## WORK TO COMPLETE
A verbatim copy of all the data is required; the pictures should not appear in it.

(Records from a dataset)
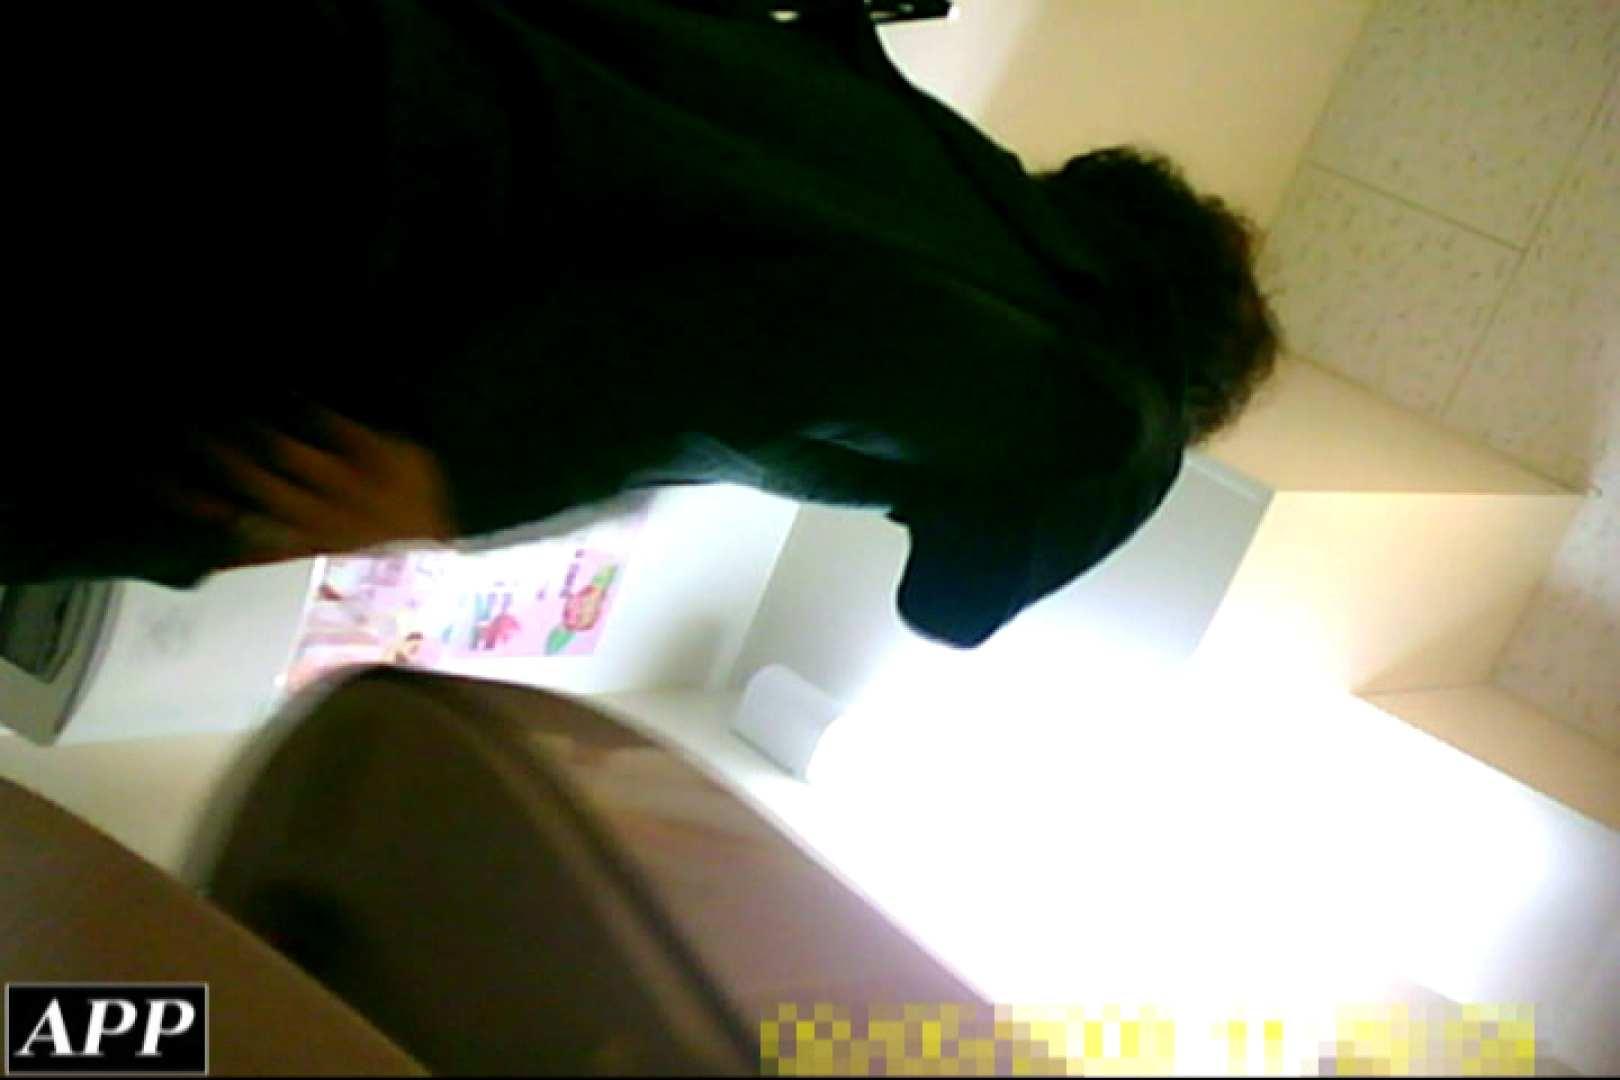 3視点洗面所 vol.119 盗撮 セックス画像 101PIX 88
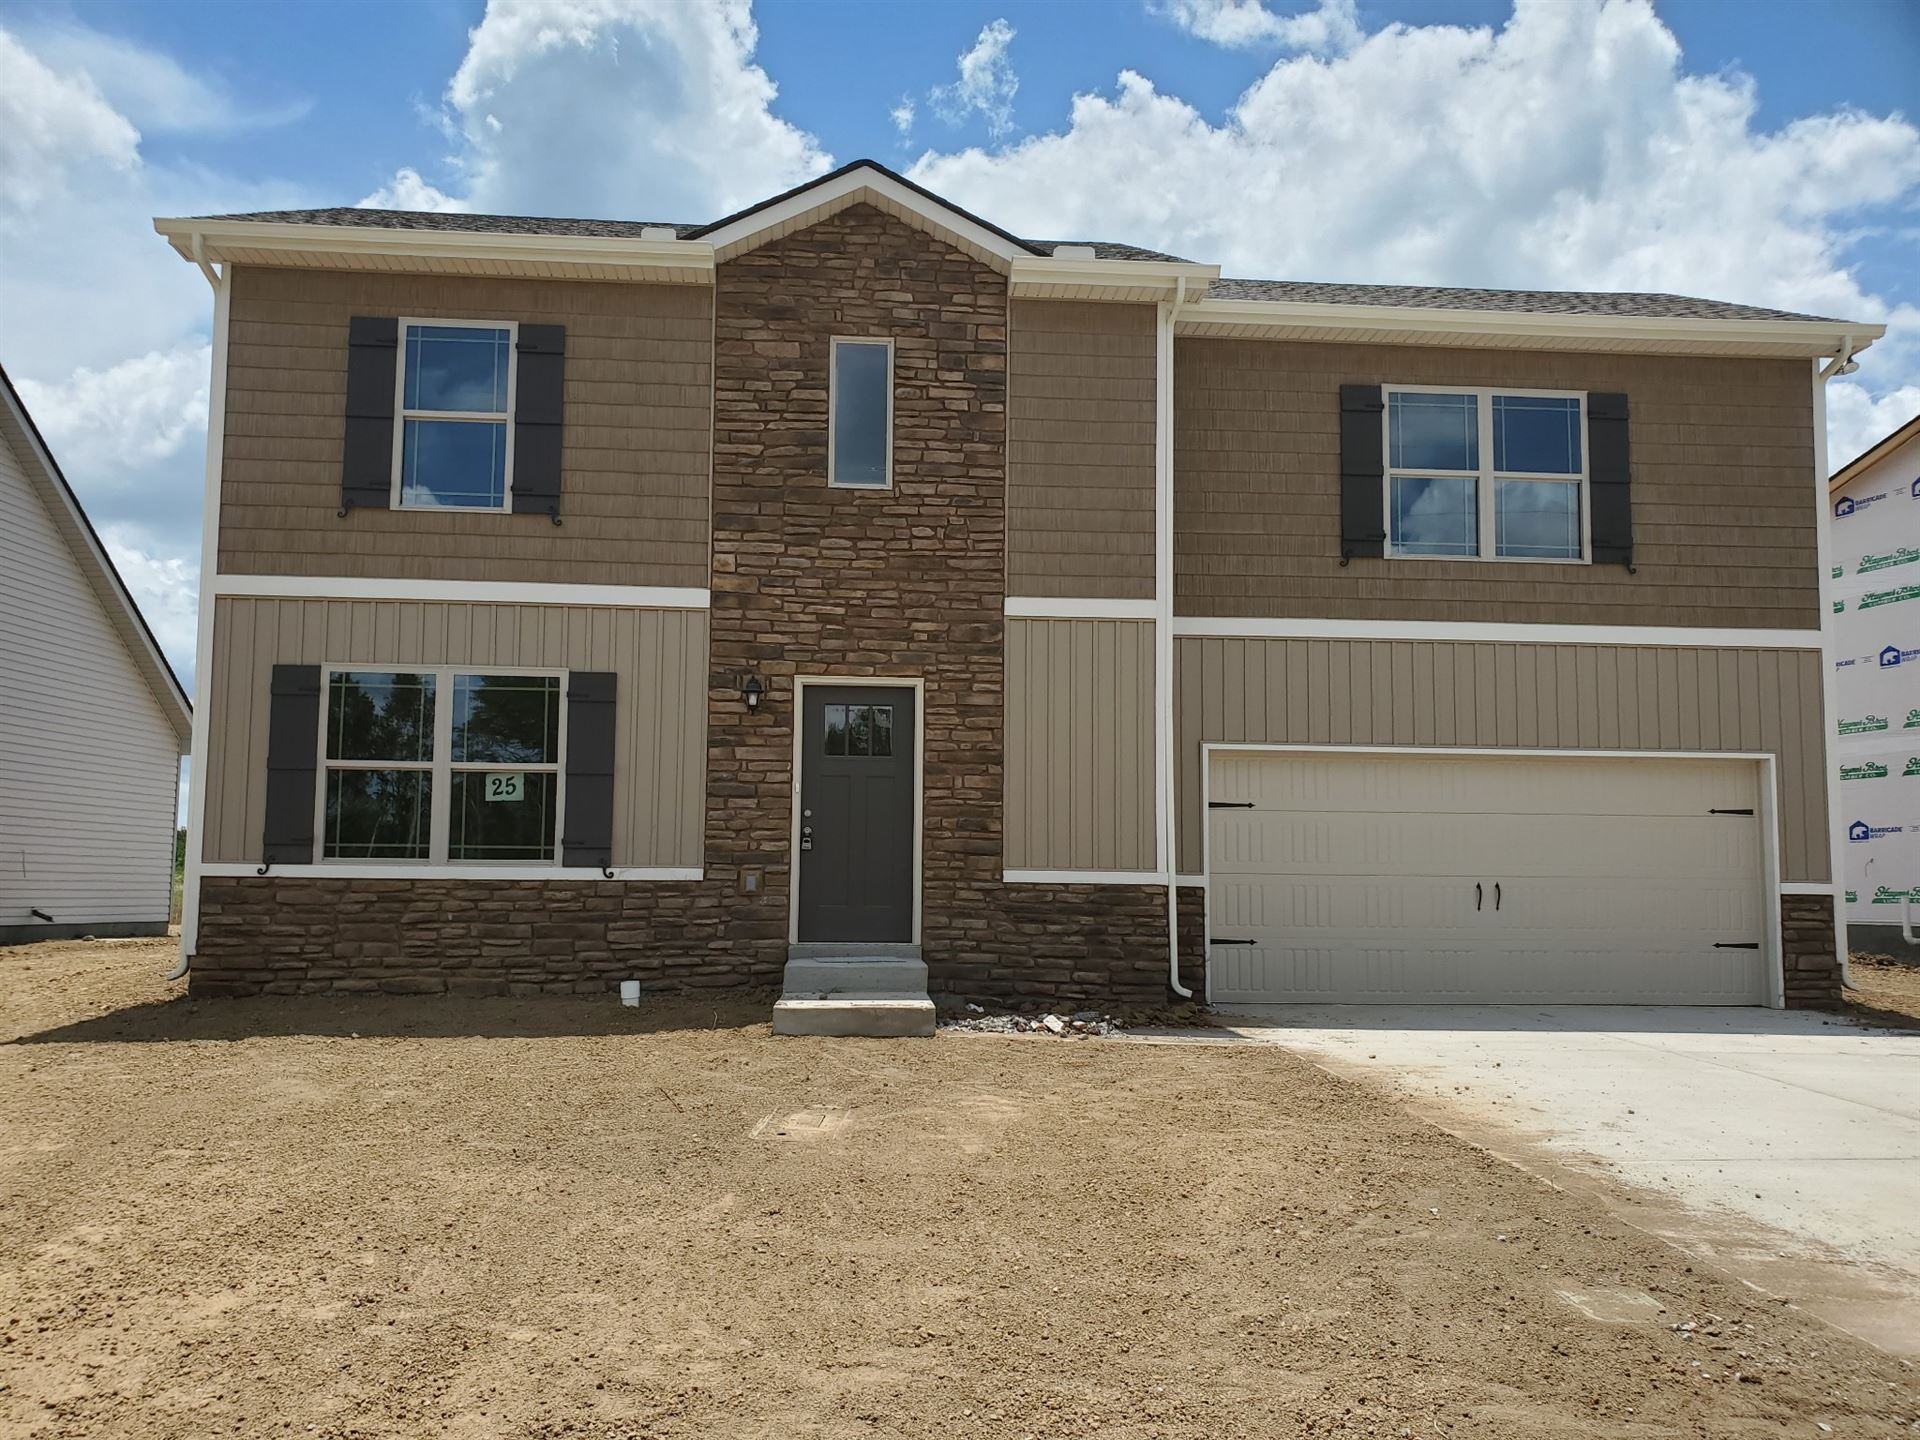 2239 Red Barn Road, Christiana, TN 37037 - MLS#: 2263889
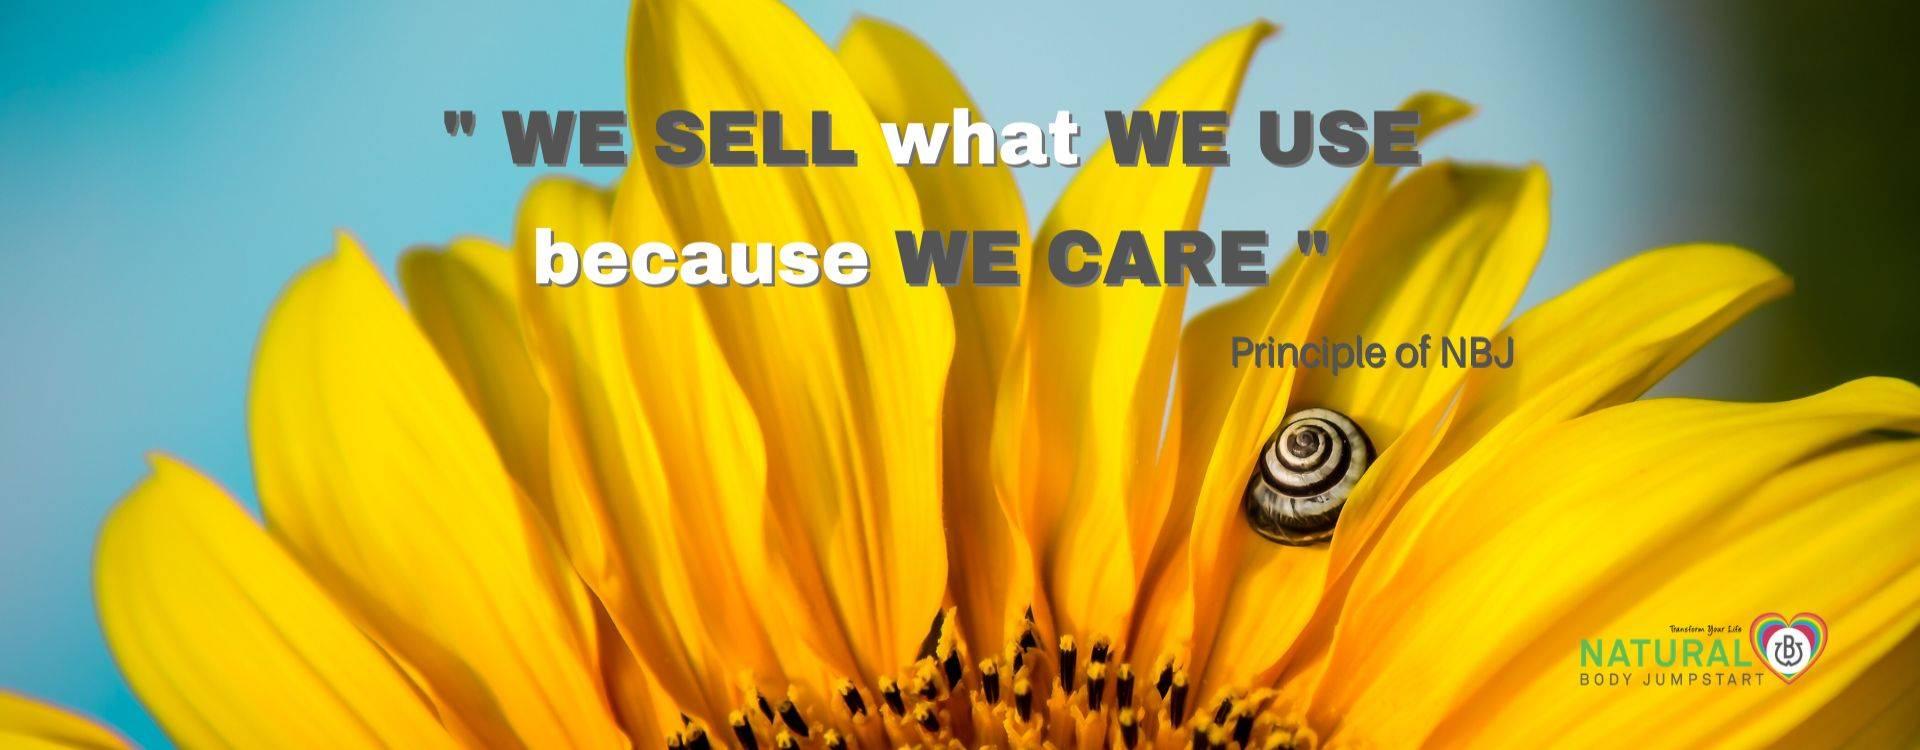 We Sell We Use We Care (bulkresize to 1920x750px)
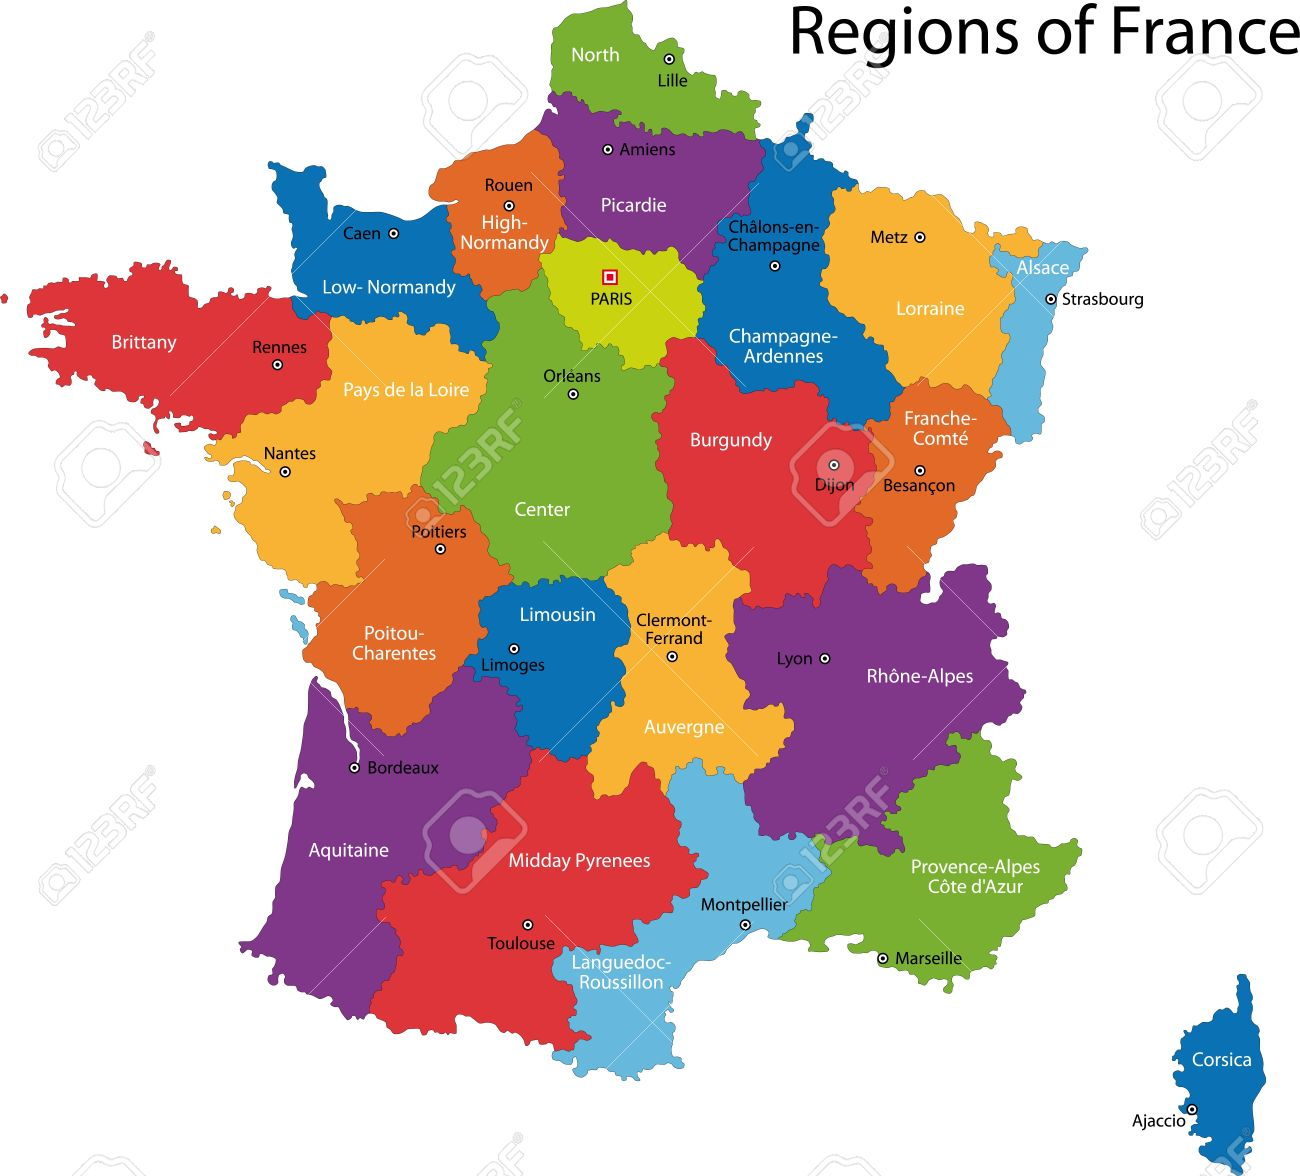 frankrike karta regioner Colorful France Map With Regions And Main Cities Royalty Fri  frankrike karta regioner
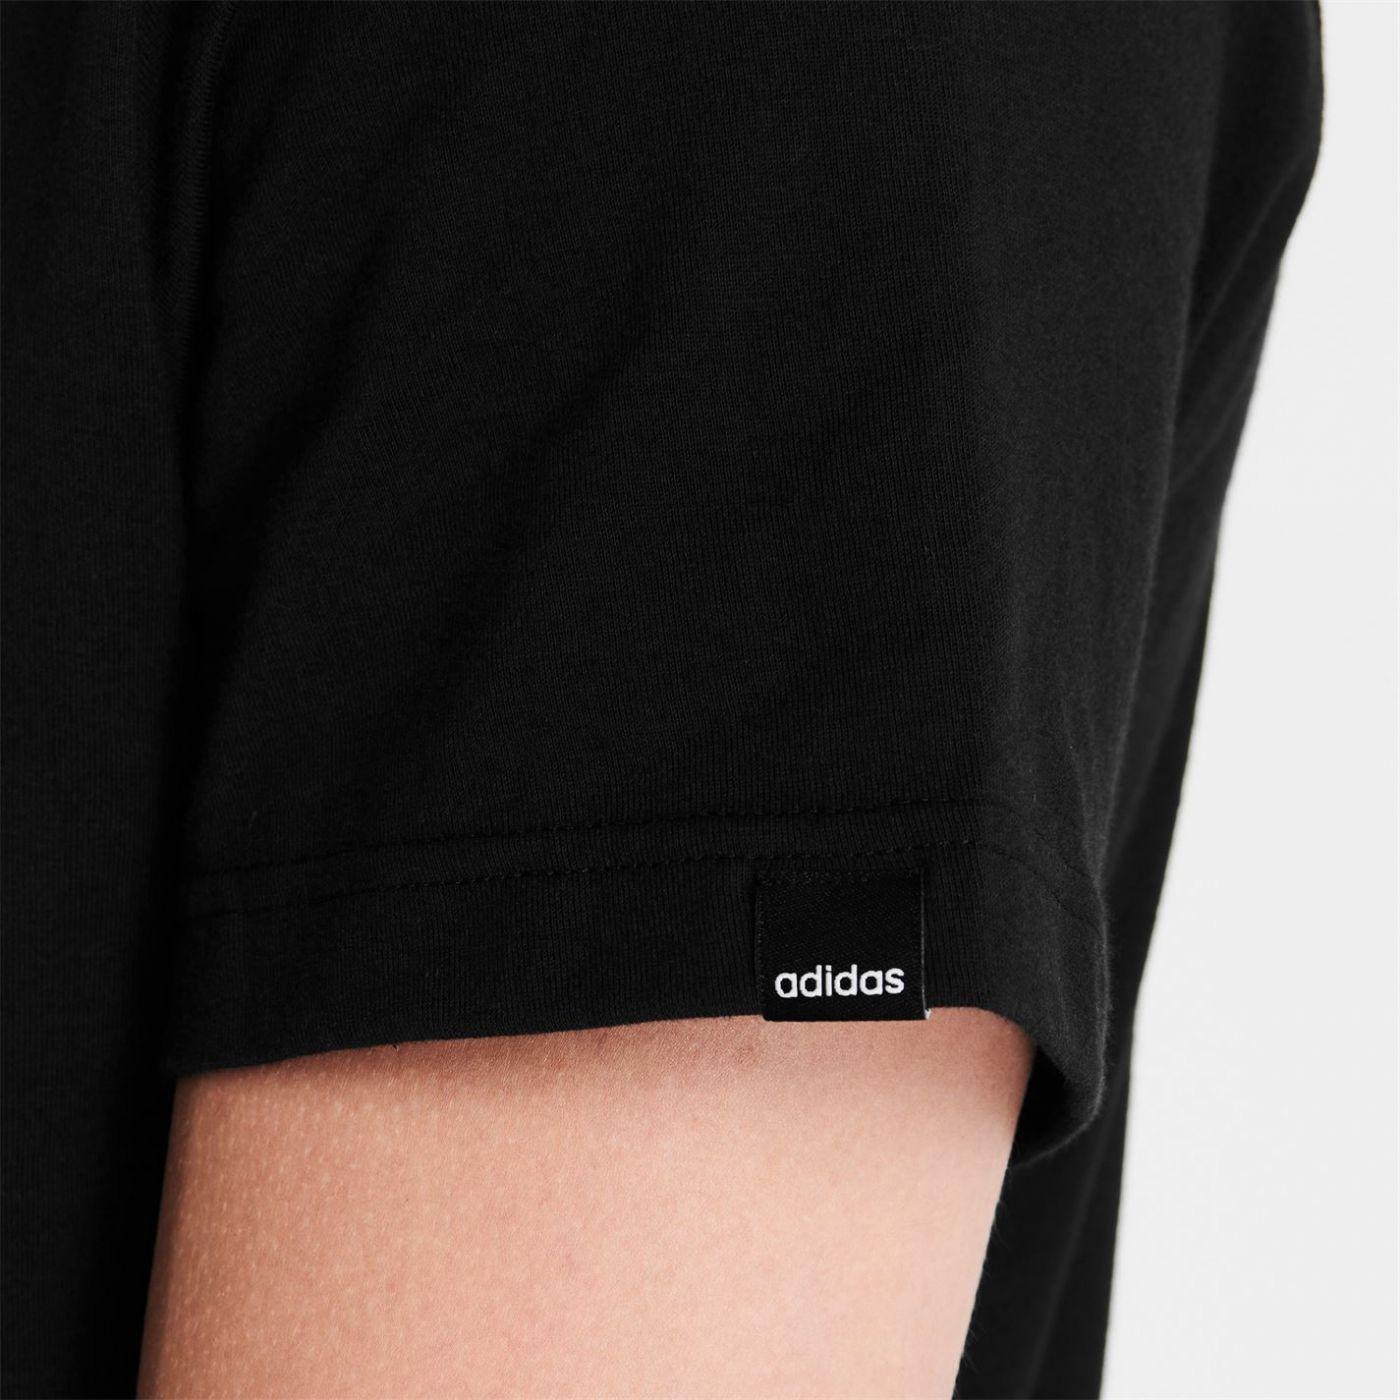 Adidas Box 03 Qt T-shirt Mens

## ANSWER TO THIS EXERCISE
 3視点洗面所 vol.119 盗撮 セックス画像 101PIX 88
 2239 Red Barn Road, Christiana, TN 37037 - MLS#: 2263889
 We Sell We Use We Care (bulkresize to 1920x750px)
 frankrike karta regioner Colorful France Map With Regions And Main Cities Royalty Fri  frankrike karta regioner
 Adidas Box 03 Qt T-shirt Mens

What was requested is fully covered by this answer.